Lick granuloma (also called acral lick granuloma, acral lick dermatitis, acral pruritic nodule, and ALD) is a common, stubborn skin disease. It is caused by a dog repeatedly licking an area of the body, usually the lower leg. The chronic, localized self-trauma leads to irritation of the skin, resulting in open sores. Lick granulomas may be mistaken for cancer or foreign-body granulomas. Cats do not develop lick granulomas. However, lick granulomas can occur in cattle, humans, and various other species.

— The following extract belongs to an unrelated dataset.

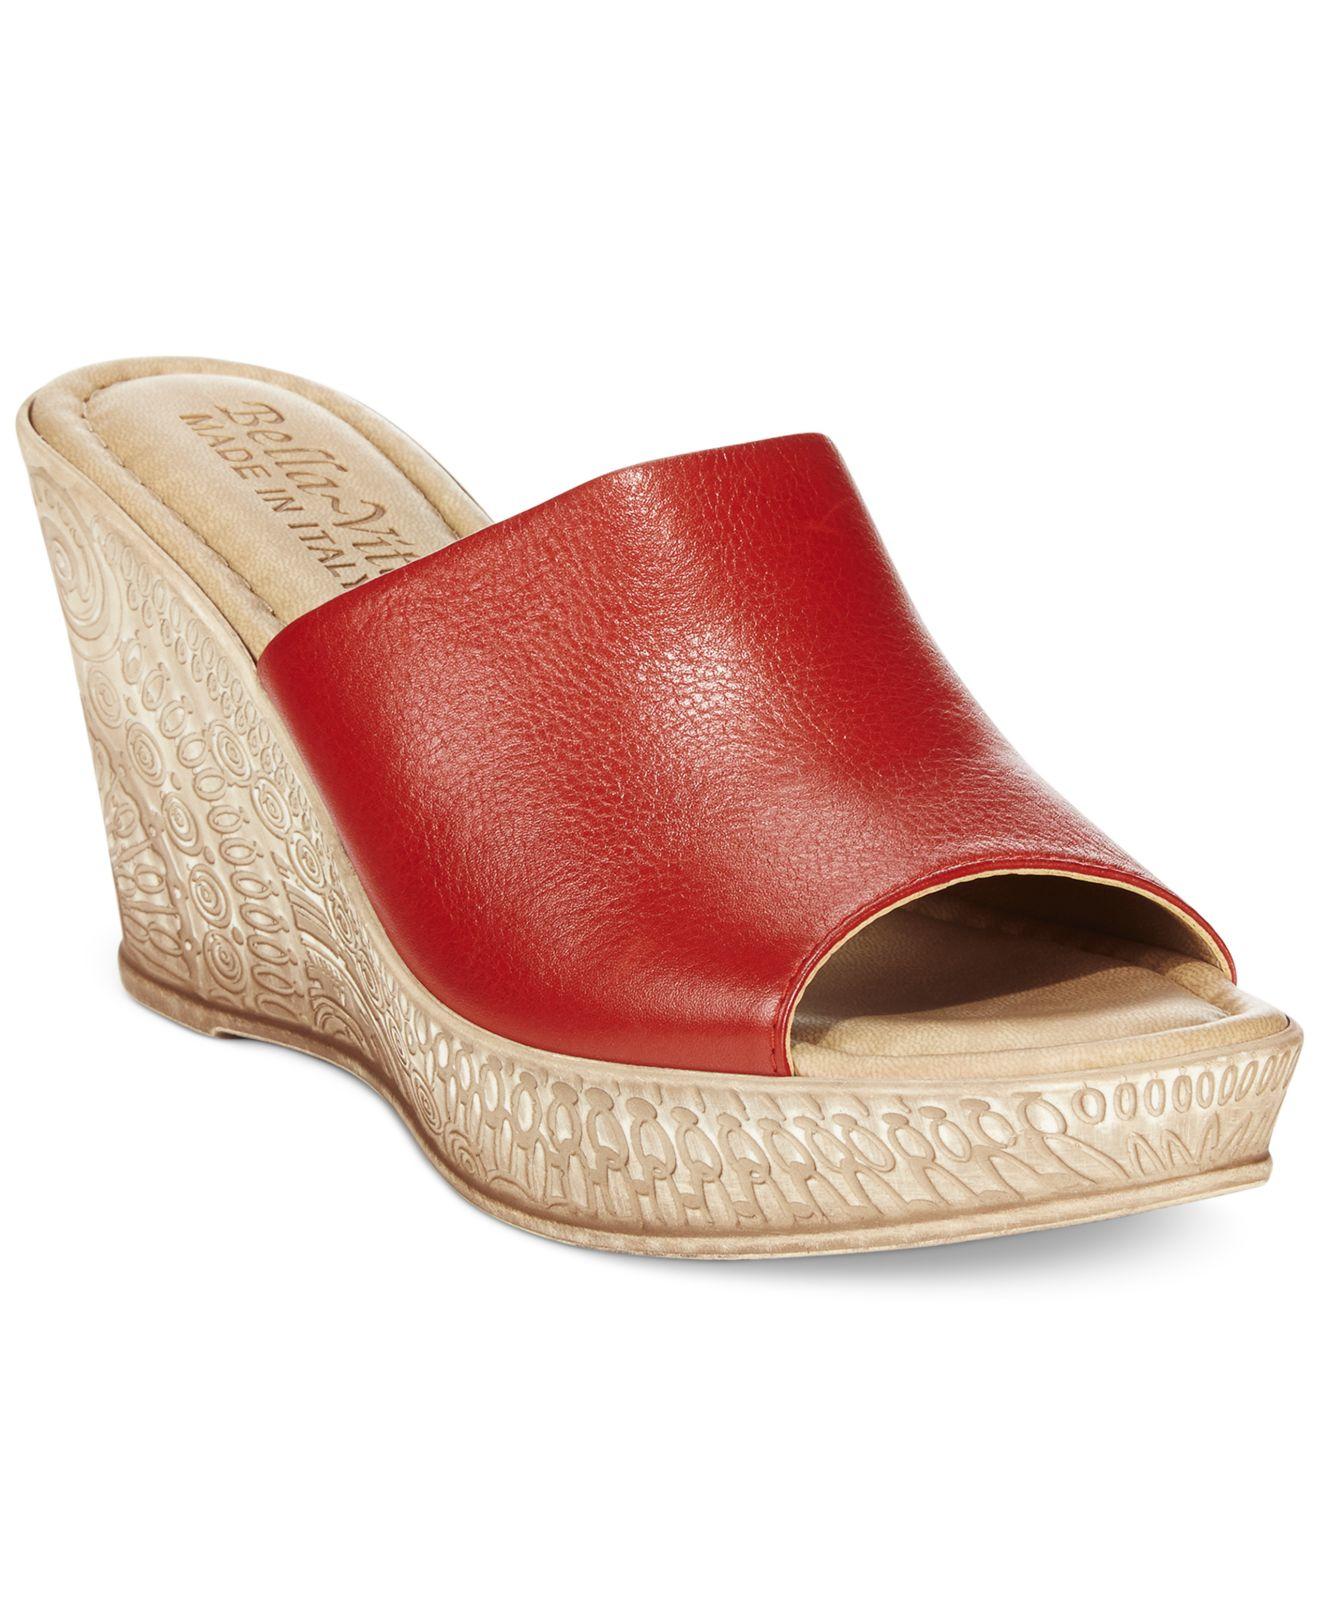 Lyst bella vita mileto wedge mules in red for The bella vita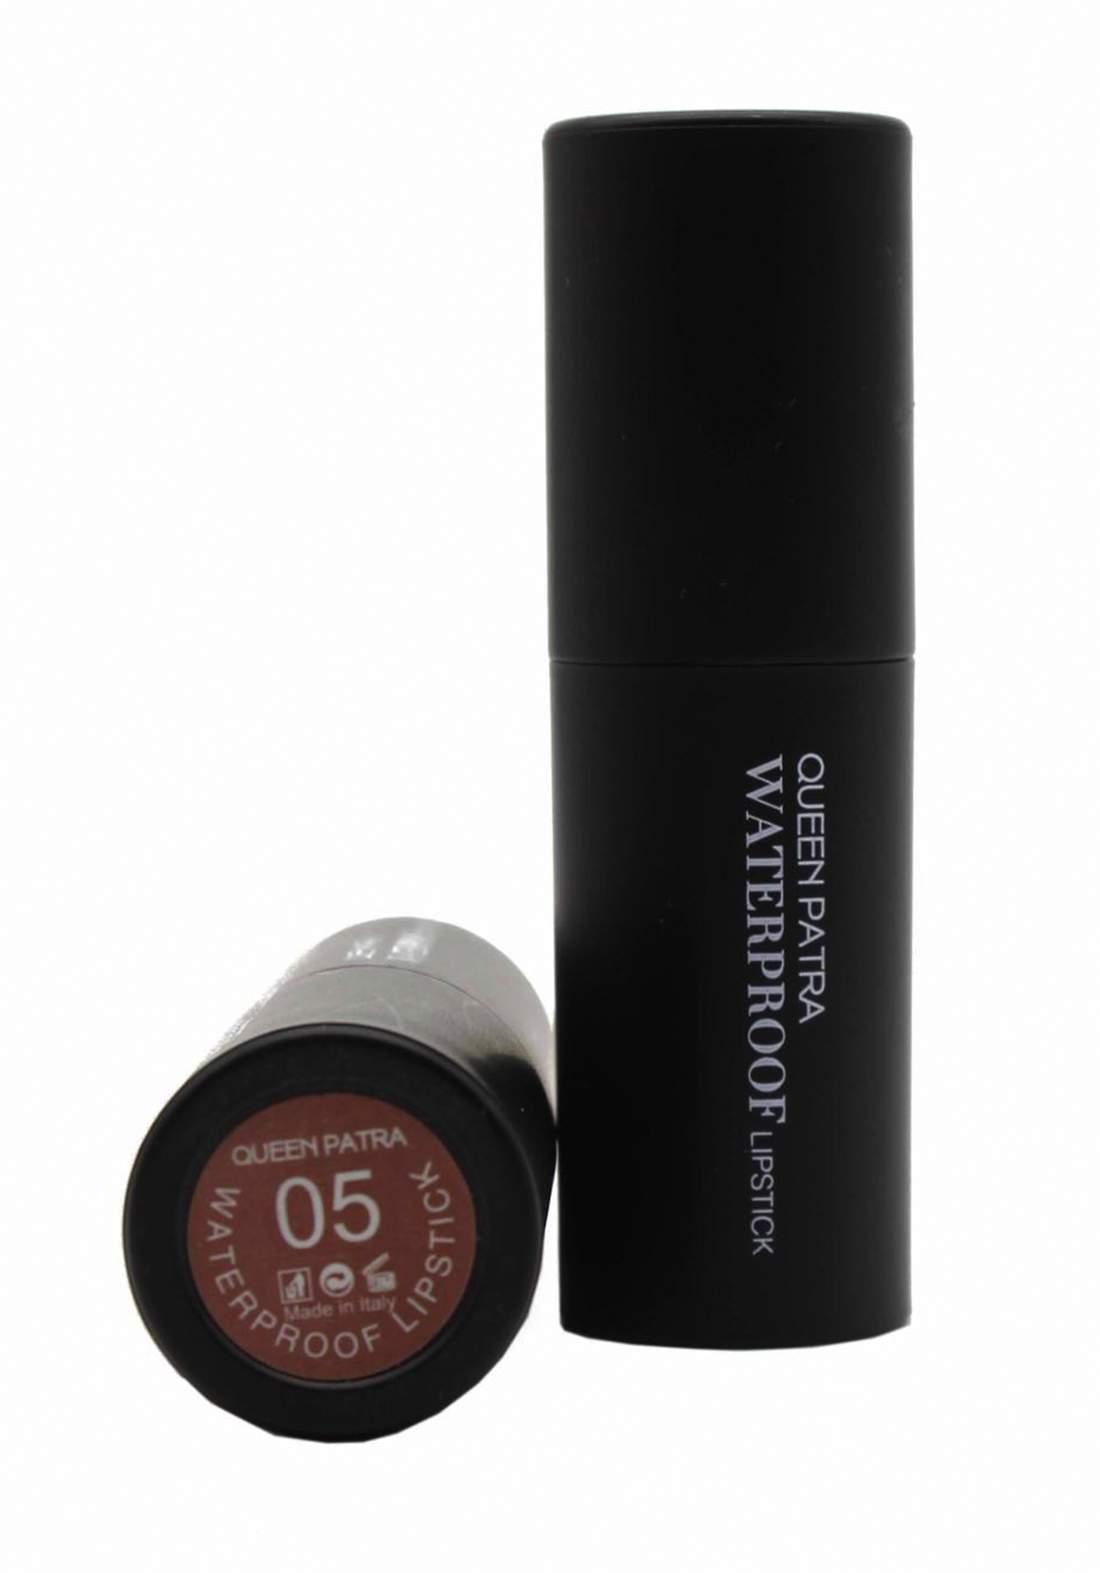 Queen Batra Waterproof Lipstick No.05 احمر شفاه

- Atopy (atopic dermatitis)
- Flea bite sensitivity
- Food allergy
- Emotional/behavioral problems
- Staphylococcal furunculosis
- Joint pain
In a 2006 study of 559 canine skin conditions in general veterinary practice, the prevalence of ALD was 2.9%. Allergies and behavioral conditions are common underlying ALD causes. However, ALD is likely due to multiple factors. Secondary bacterial infection occurs in both allergic and behavioral ALD. In a 2008 study involving 31 ALD cases, 97% (31/32) had a bacterial infection. Both a secondary infection and a foreign body reaction from ruptured hair follicles (furunculosis) keep the ALD going. An ulcerative skin lesion from the licking may become itchy and continue to fuel the itch-lick cycle. In some dogs with ALD, the licking releases endorphins, which can soothe the dog, reduce anxiety, and suppress pain perception.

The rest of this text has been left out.